The sole aim is to protect the free speech of those who espouse their ideology. By imposing obligations on what is said and what is not said, the move itself is the antithesis of free speech. Now it’s entering our education system. Free speech and academic freedom depend on keeping political interference out of universities as much as possible.

All of this falls under the backdrop of an increasingly right-leaning political climate. In our exceptionalism, we distance ourselves from other countries, yet the Government’s curtailment of free speech echoes the behaviour of Brazil where its right-wing regime sought to censor textbooks, spy on teachers and repress minority and LGBTQ+ groups.

The common aim: to mould academia to their agenda; to cleanse universities of ideological tendencies they don’t like.

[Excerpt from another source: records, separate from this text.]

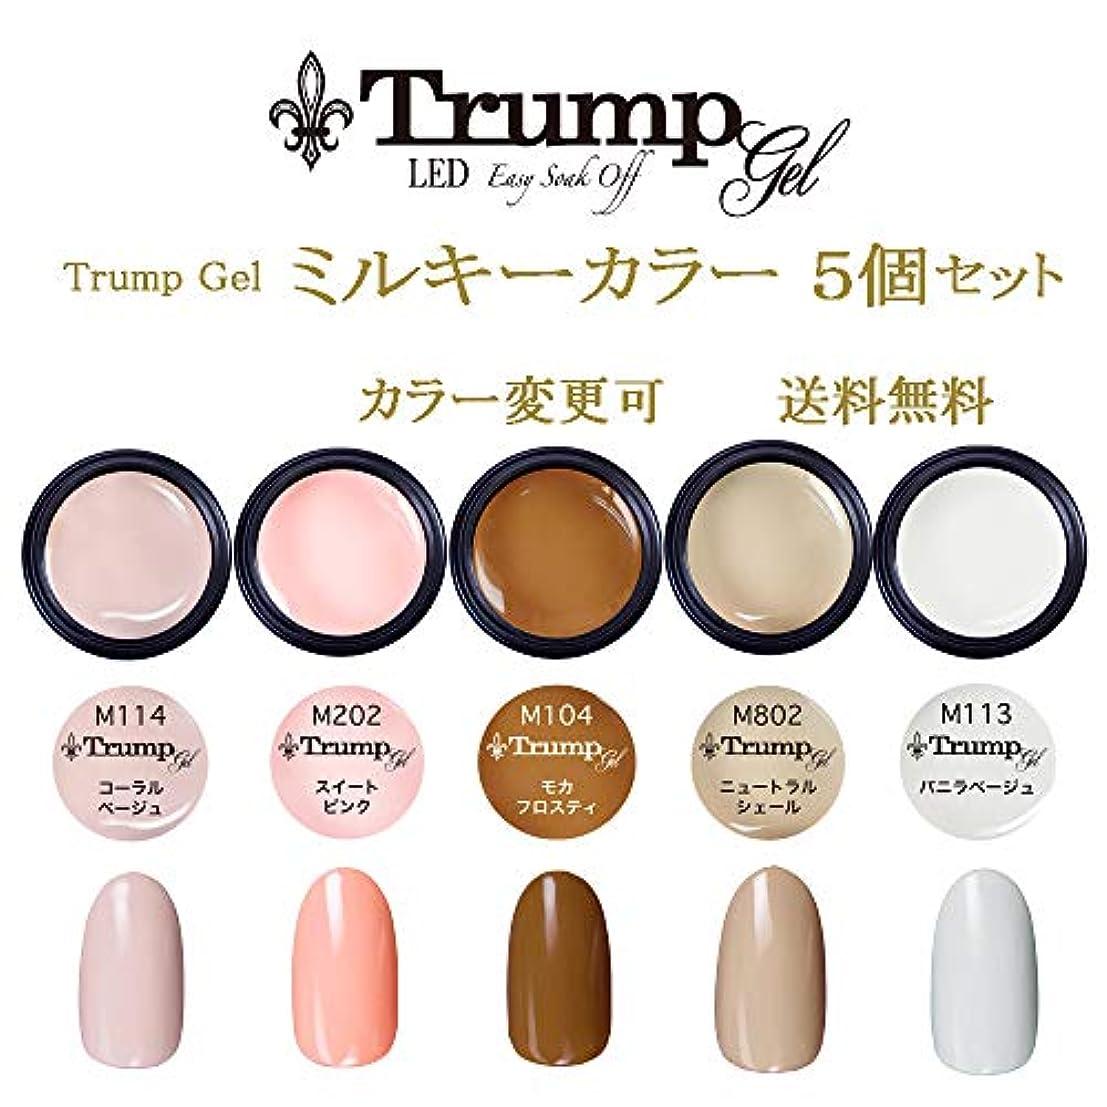 証言辛な動作【送料無料】日本製 Trump gel トランプジェル ミルキーカラー 選べる カラージェル 5個セット ミルキーネイル ベージュ ピンク ミルキー カラー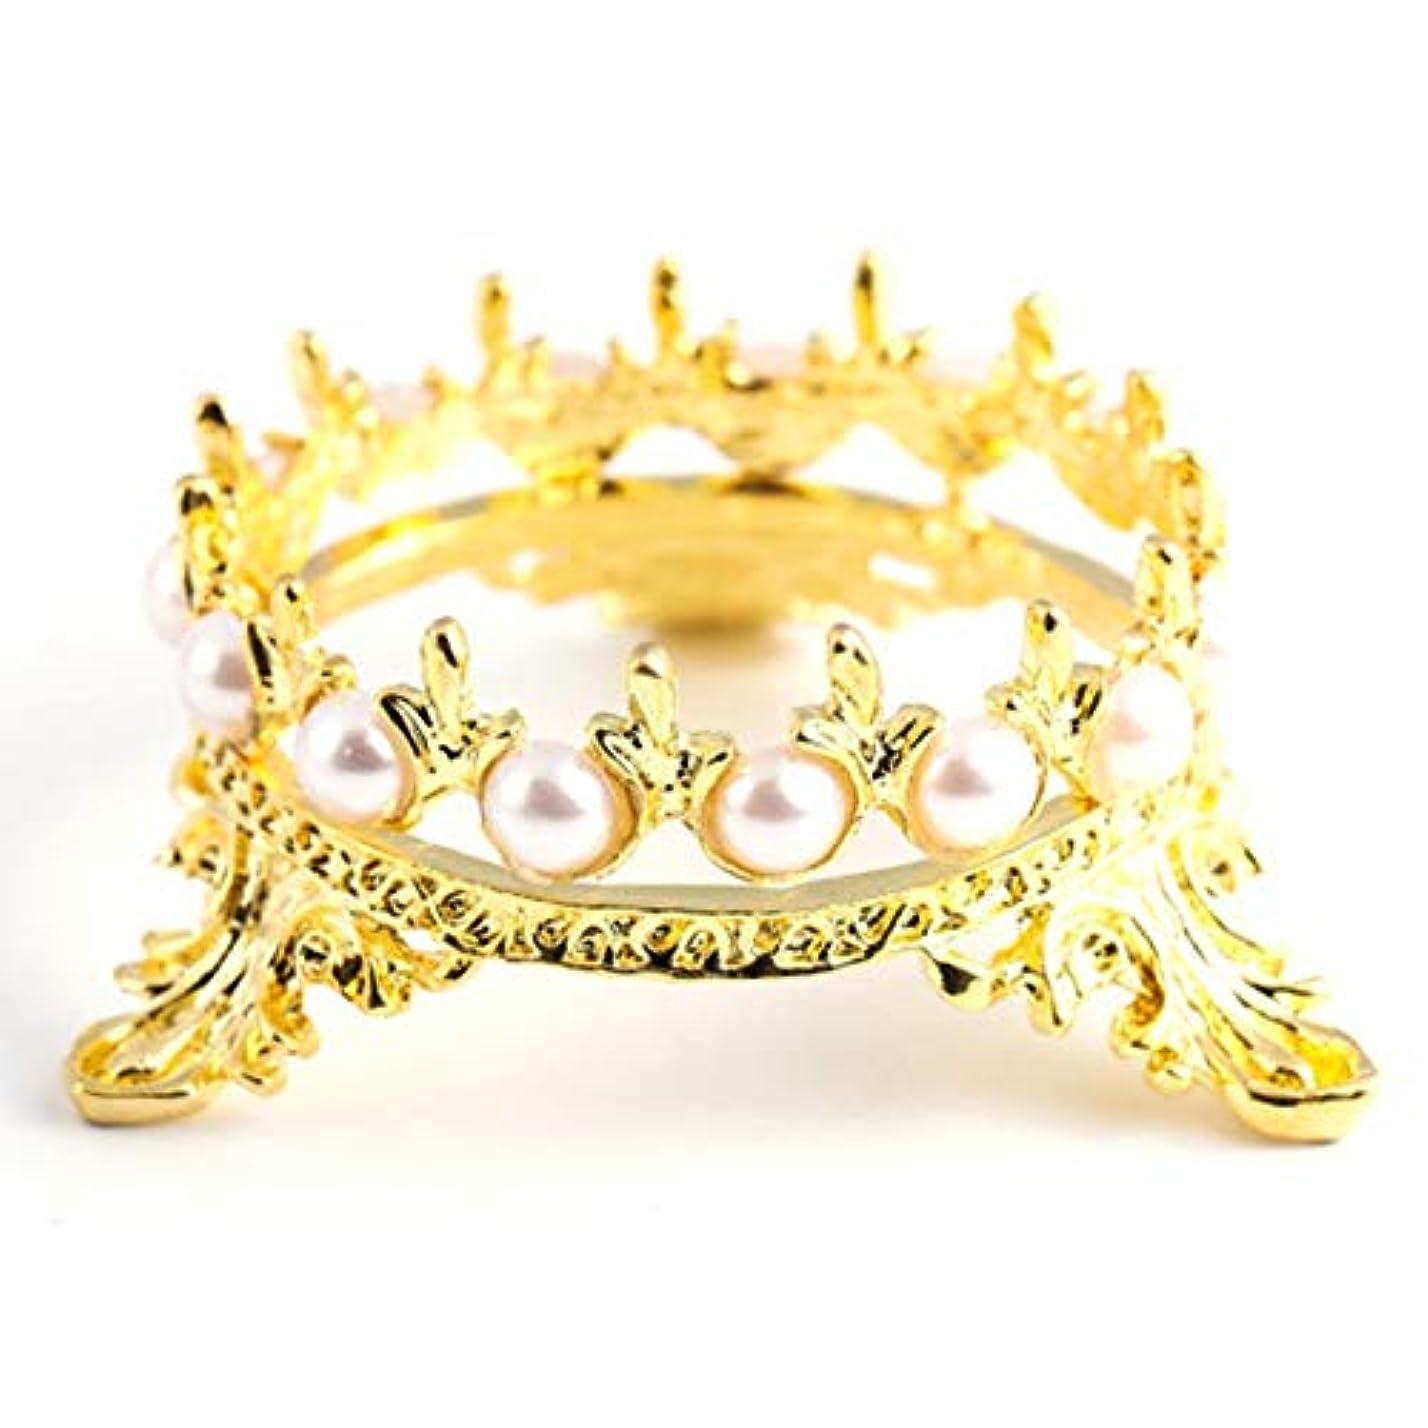 郵便屋さん弱めるロッカーYoshilimen 特別1 xクラウンスタンドペンブラシホルダーパールネイルアートペンラックマニキュアネイルアートツール必需品(None Golden Crown Penholder)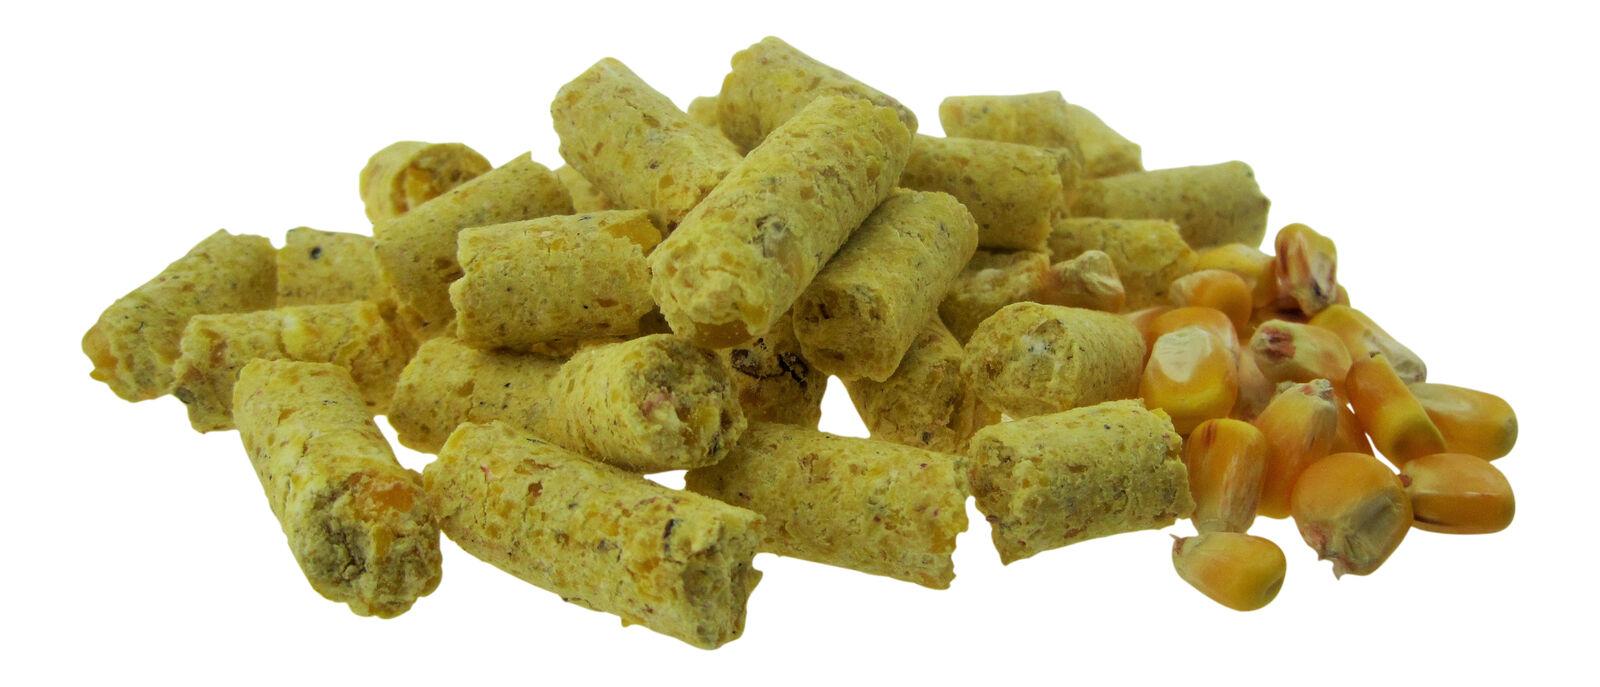 1,30 EUR  kg Pellets de maíz 10mm 20kg Maíz Maíz Maíz Maíz PELLETS babycorn 357a07

In India right now, Narendra Modi’s Hindu nationalist government has launched what has been described by critics as a “surgical strike” on universities. Framed as “revised guidelines for holding online/virtual conferences, seminars”, the new guidelines require organisations to get prior approval from a department if they wish to discuss particular subjects. We too will find ourselves in the company of such regimes that choke freedom of expression in their democratic institutions.

This state-sponsored ‘revision’ of free speech cannot become the new normal for the UK. In any other country, we would call it fascism. But in our country, with legislation concealed by the lure of genteel voices, we’re still reluctant to identify it as what it is: the antithesis of free speech.